Journal: Driven by Design: BMW E9 3.0CS

Driven by Design: BMW E9 3.0CS

By Yoav Gilad
March 22, 2014

(This article is part of the Driven by Design series.)

Photography by Afshin Behnia and Andrew Schneider for Petrolicious

Commonly known as the ‘Batmobile’ in racing trim and more notable as the car that established BMW as the “Ultimate Driving Machine” due to their success racing in Deutsche Rennsport Meisterschaft (DTM’s predecessor) and the FIAs European Touring Car Championship in the early-mid 1970s. The New Six Coupe, as it was sometimes called, was designed to replace the outgoing four-cylinder model.

Internally known as the E9, it first debuted in 1968 as a luxurious grand-tourer designed to carry BMW’s new M30 inline-six engine. Designed under Wilhelm Hofmeister, the same Hofmeister famous for the BMW window kink, it isn’t too surprising to find Bertone’s design sensibilities a couple of generations back. Bertone designed the BMW 3200CS, a V8, which would eventually become the 2000CS, a four cylinder, and then the E9.

Proportionally, the 3.0CS does a masterful job of deceiving the eye. It is a truly beautiful car, don’t misunderstand, but there is a successful combination of elements designed to hide certain packaging constraints. For instance, the doors are mounted closer to the front wheels than rear, which is most certainly not a front engine, rear-wheel drive look. Yet because the E9’s greenhouse extends so far back creating a short rear deck, the silhouette of the car absolutely speaks to the correct proportion.

And in spite of having a rather tall greenhouse (and thus wonderful sightlines, one of the reasons it’s so good to drive), the car is gorgeous. You can credit the slender pillars for minimizing the greenhouse’s visual weight (one of the key elements retained from the original Bertone 3200CS). The overall visual lightness of the cabin is mirrored in the entire car itself, more on this in a moment though.

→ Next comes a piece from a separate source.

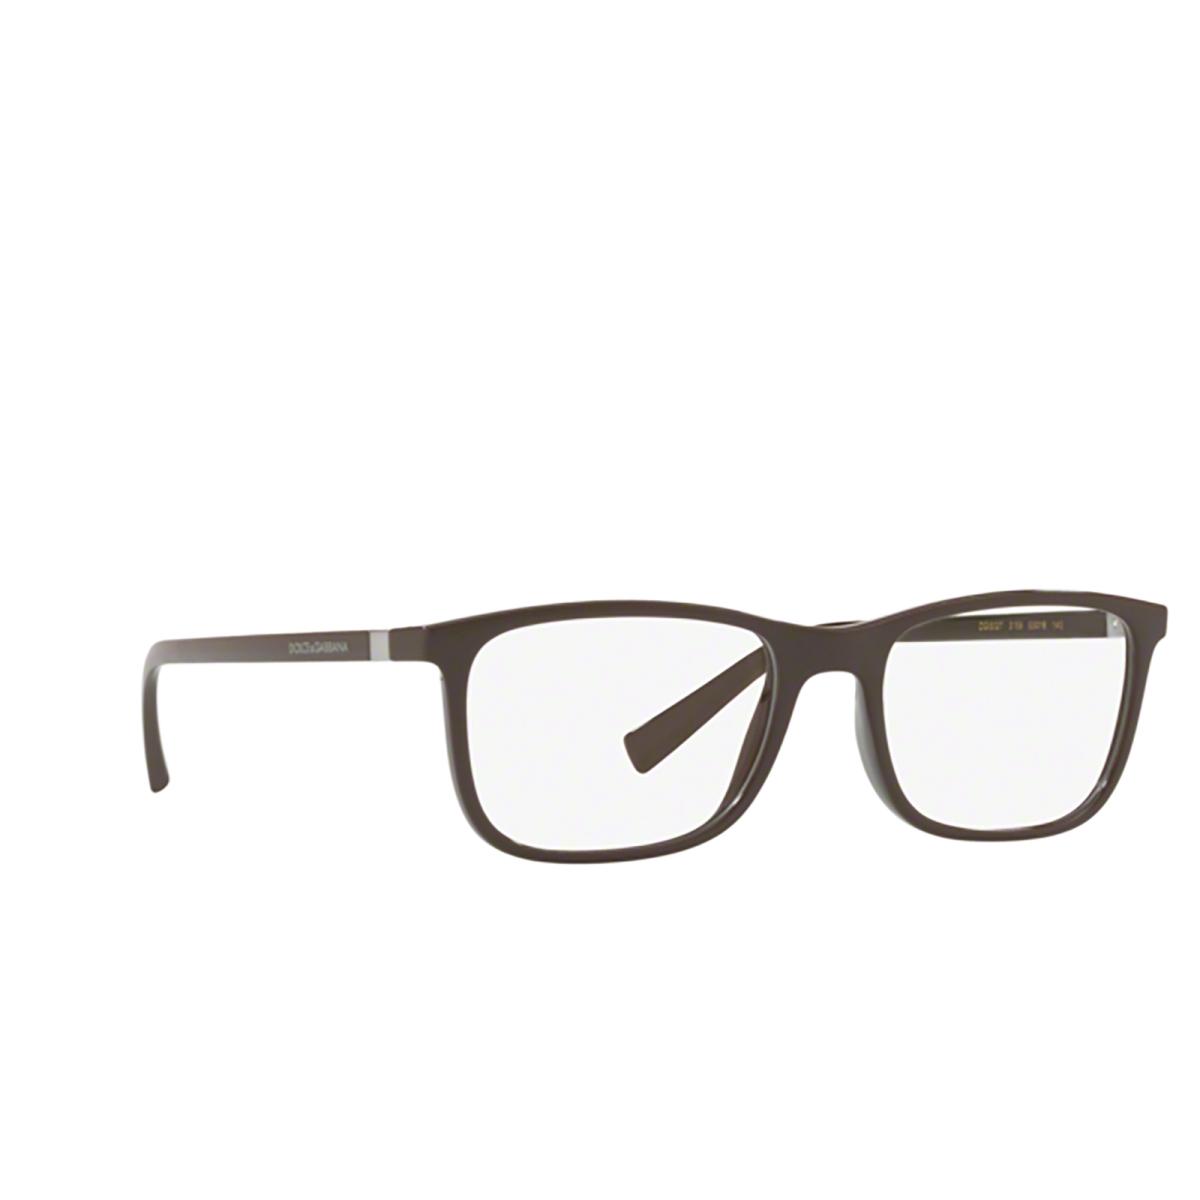 Dolce & Gabbana® Square Eyeglasses: DG5027 color 3159 - three-quarters view.

The surfacing is evolutionary, at best, as it remained fairly consistent from previous BMW coupes. But the beltline that carries your eye from front to back beginning with the negative front end form a very strong, classic theme. It is that negative front end coupled with the negative rear that give the car its aforementioned visual lightness. The E9 is ready to move! Additionally, the slight wheel flares accentuate the tires giving the car a slightly more muscular look.

Use of chrome is fairly extensive on the BMW 3.0CS, but it was aimed at the luxury market and more importantly looks good. It is however generally limited to window trim, bumpers, and a few other bits. The only other details on the road-going version of the car worth mentioning are the vents on the front fenders and the roundel on the C-pillar, which accentuates the pillars’ base. This is also where the lithe pillars are sacrificed in the name of fashion, to great effect for the Hofmeister kink. The added bulk provides a nice bit of mass over the rear axle emphasizing the BMW’s rear-wheel drive platform.

Unlike many cars of the era whose wheels and tires sit a bit inboard, the E9’s stance is purposeful. Additionally, as Sir Francis Bacon said, “there is no excellent beauty that not some strangeness in the proportion.” Applied to the 3.0CS, that strangeness may be the height of the cabin compared with the rest of the body. Indeed it is a beautiful car and this one facet of the design is especially pleasing today, when the vast majority of cars trend toward a hunkered appearance. Whether spawned by Bertone or refined by Herr Hofmeister, in spite of some awkward packaging requirements the E9 remains airy, sporty, and accessible.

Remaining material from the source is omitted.